- Born: Jane Smith May 7, 1951 (age 75) Kirksville, Missouri, U.S.
- Education: Washington University in St. Louis
- Spouses: Axel Roehm ​ ​(m. 1978; div. 1981)​; Henry Kravis ​ ​(m. 1985; div. 1993)​;

= Carolyne Roehm =

American author and fashion designer

Carolyne Roehm (born May 7, 1951) is an American author, businesswoman, socialite, and former fashion designer.

==Early life==
Roehm was born Jane Smith in Kirksville, Missouri to a high school principal and a schoolteacher. She graduated from Washington University in St. Louis with a Bachelor of Fine Arts degree in 1973.

==Career==
Following her graduation, Roehm moved to New York City. to work at Kellwood Company, a women's clothing manufacturer. She then moved to Oscar de la Renta as an assistant and model before becoming an assistant designer. De la Renta became a mentor and father figure to her; she initially worked for him for 10 years, returning on and off for the next several years.

In 1985, Roehm launched her own eponymous fashion house. Her high-end clothing was designed for women with money and active lifestyles. Although it received accolades, she shut down the line in 1991. While she formally discontinued her clothing line, she still employed a small staff to run a mail-order business and produce an exclusive line for Saks.

During her time in the fashion industry, she was elected President of the Council of Fashion Designers of America and guided the organization as it became a major supporter of AIDS research.

Moving beyond clothing, Roehm broadened her design horizons and shifted her focus to the world of flowers, entertaining, gardens, interiors and products. Throughout her design career, she has created clothing, accessories, books, decorative accessories for the home, interiors, home fragrance and candles, table linens and table tops, paper products, glassware, and luggage.

Her late friend, Bill Blass, said of her, "[s]he is the ultimate tastemaker."

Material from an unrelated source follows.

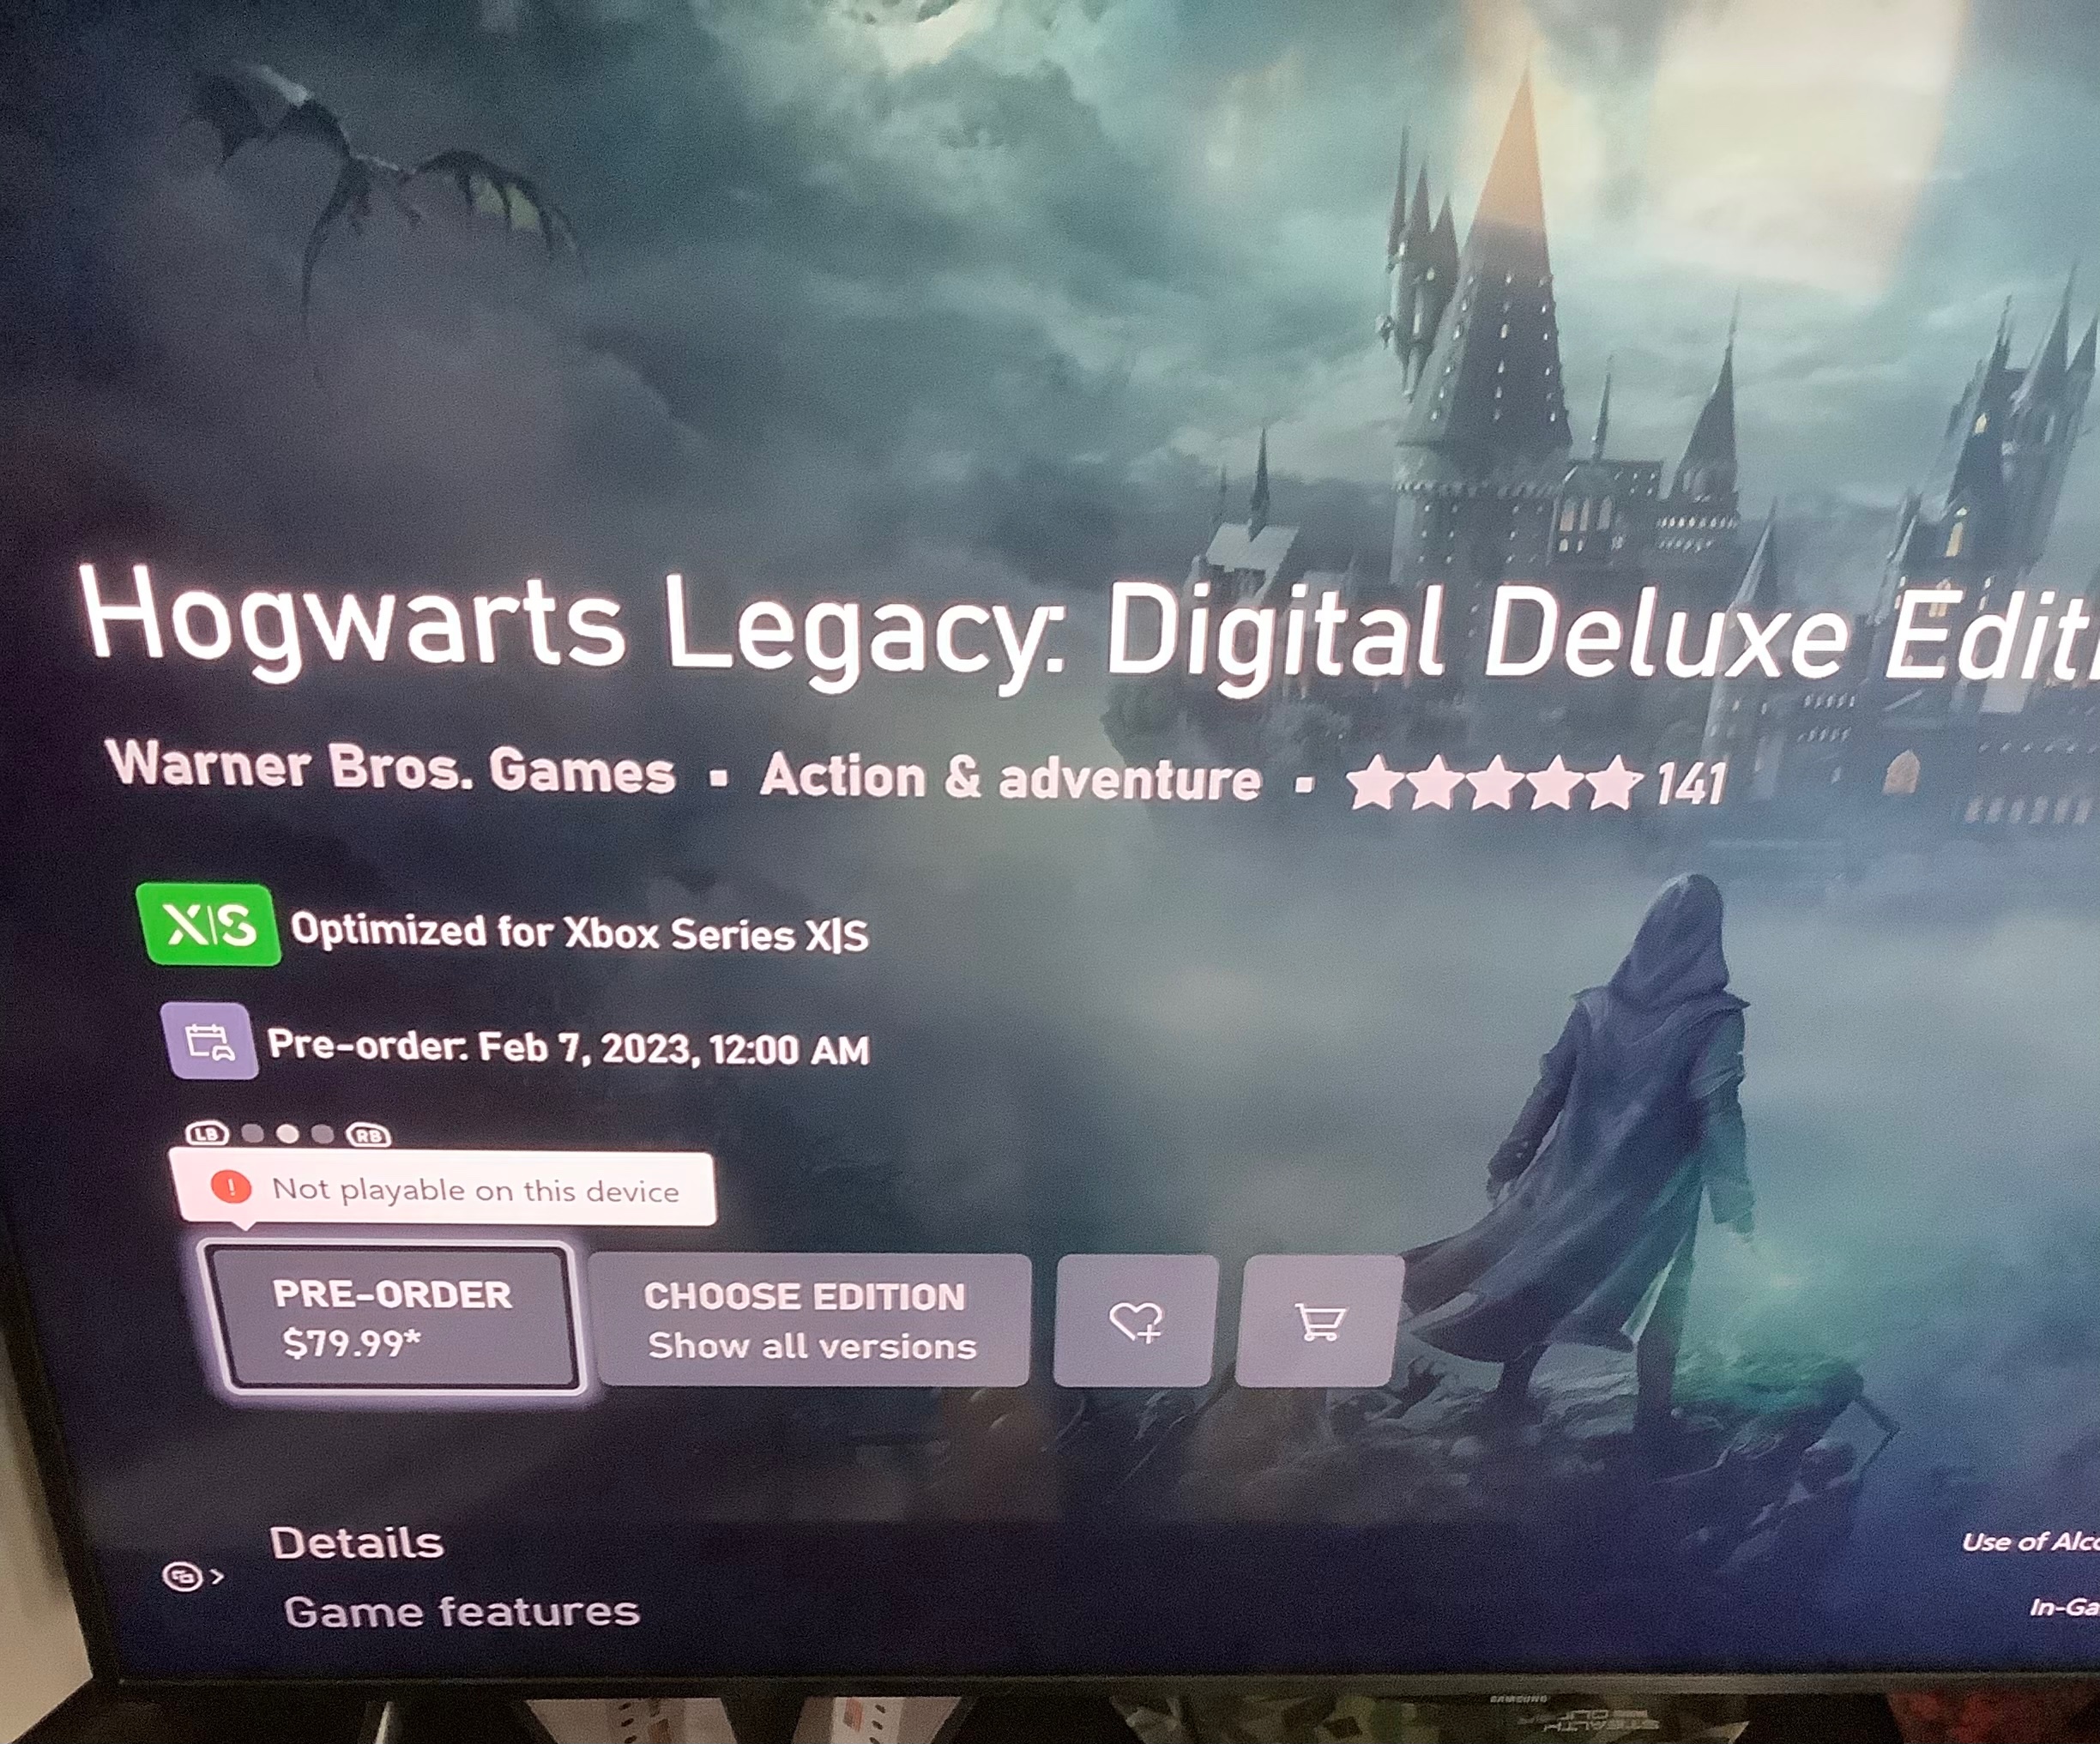 Not playable on this - Community device? Microsoft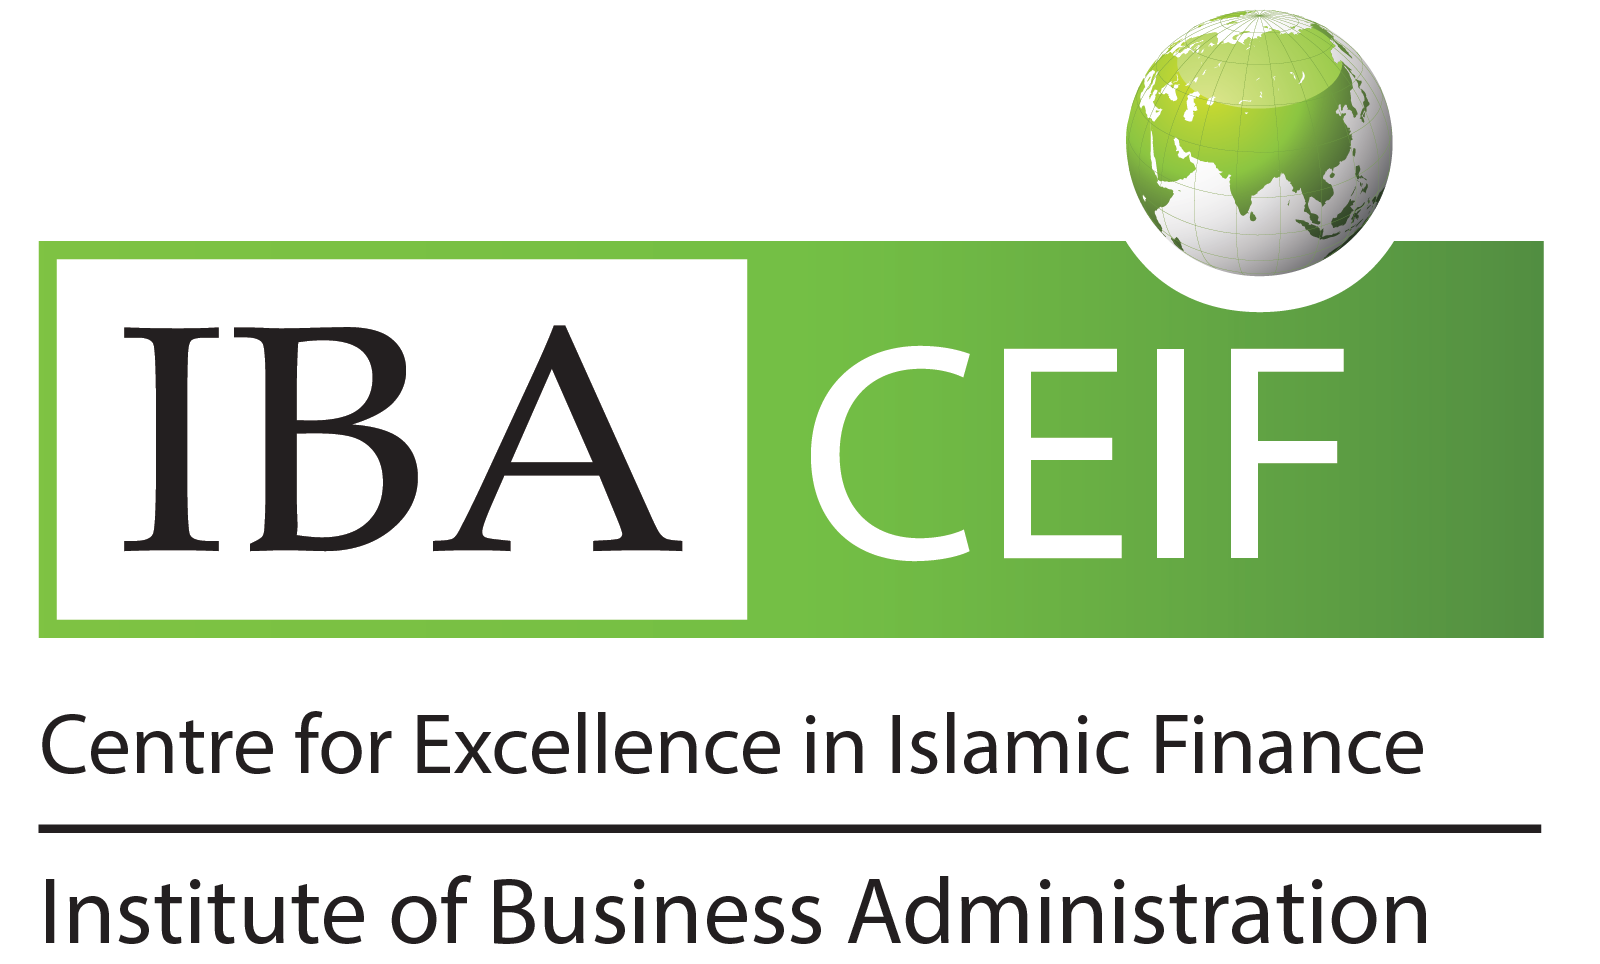 Centre for Excellence in Islamic Finance (CEIF), IBA

Roehm has published at least ten books on topics such as gardening, interior decorating, gift wrapping, flower arranging, and party planning.

==Personal life==
In 1978, Roehm married German businessman Axel Roehm and moved to Germany. Less than a year later, the marriage ended and she returned to work for de la Renta. She later married Henry Kravis in 1985, but the marriage ended in divorce in 1993. The home, decorated for the couple by Robert Denning and Vincent Fourcade, was parodied in the 1990 movie The Bonfire of the Vanities.

In the 1980s, Roehm and Kravis were symbols of the "Nouvelle Societé" in Manhattan. The two were known for hosting lavish parties, including one held at the Metropolitan Museum of Art. They owned four properties worth millions each (such as their $5.5 million Park Avenue apartment), French antiques from the Louis XV to Empire periods, and art works by artists such as Renoir and Sargent.

Roehm resides in New York, Connecticut, Colorado, and South Carolina.